Ленинград, 1979 год. Отбыв десять лет лагерей, психушек, тюрьмы, бывший зэк Ветохин влачит нищенское существование, прирабатывает к пенсии случайными заработками — грузчиком в ресторане, продажей собранных грибов и клюквы на рынке. Но мечты о побеге не оставляет. И вот в очередной визит в Ленинградское бюро путешествий вдруг видит новое объявление: «Поступили в продажу путёвки на круиз "Из зимы в лето"». Теплоход «Ильич» отправлялся из Владивостока на юг, достигал экватора и возвращался обратно. Всё путешествие занимало месяц. Так как теплоход не заходил в иностранные порты, виза для поездки не требовалась.
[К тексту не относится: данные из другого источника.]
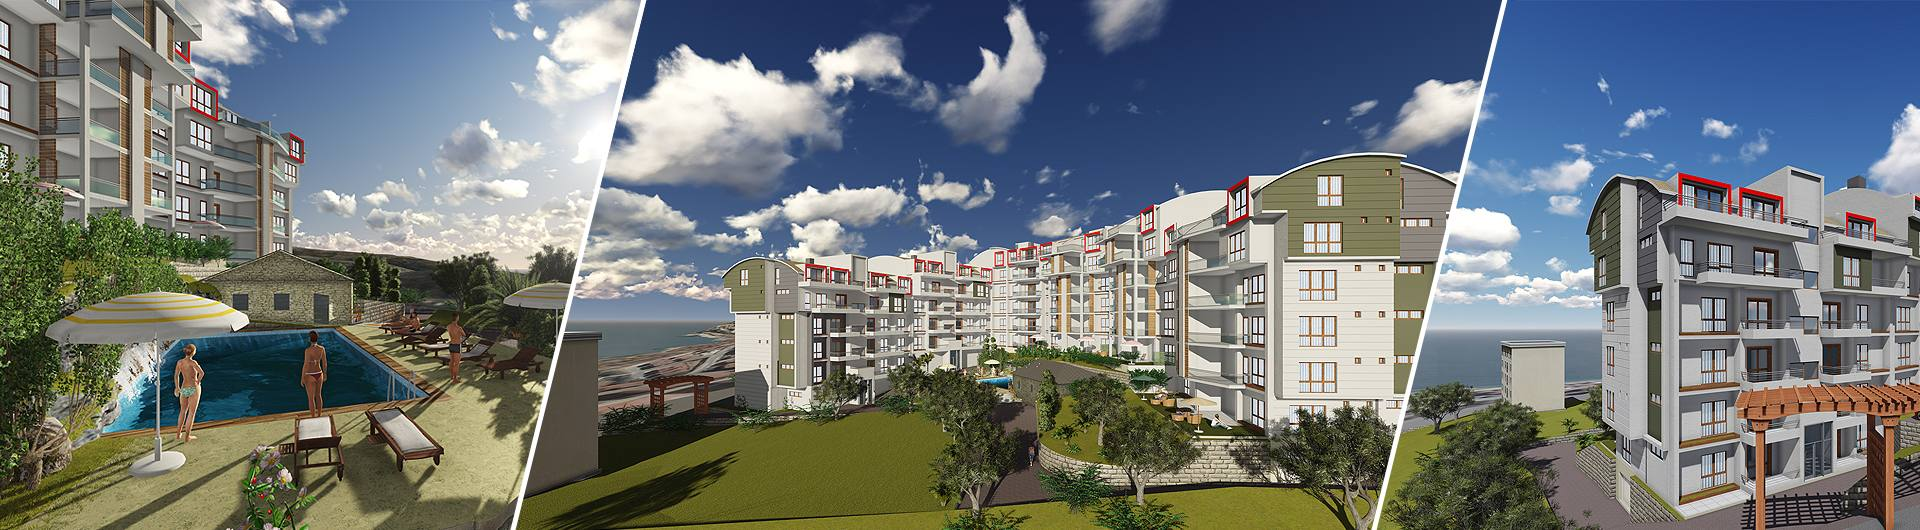 Buryap İnşaat Olivium Residence 2 Konut Projesi arkaplan

Стоимость путёвки, включая перелёт Ленинград-Владивосток, — 580 рублей.
Как Ветохин наскребал эти деньги, как просиживал ночи над картами южных морей и архипелагов, над книгами об акулах и ядовитых медузах, как, к своему изумлению, получил разрешение на въезд в пограничный город Владивосток, как, уже с борта теплохода, вглядывался в проплывающие вдали силуэты филиппинских и индонезийских островов — это дивная тема для телесериала, для Голливудского триллера. Достигнув экватора, теплоход повернул обратно на север. Ветохин понял, что дальше откладывать нельзя. В ночь с 9 на 10 декабря от открыл иллюминатор в своей каюте и прыгнул с восьмиметровой высоты в волны Молуккского моря.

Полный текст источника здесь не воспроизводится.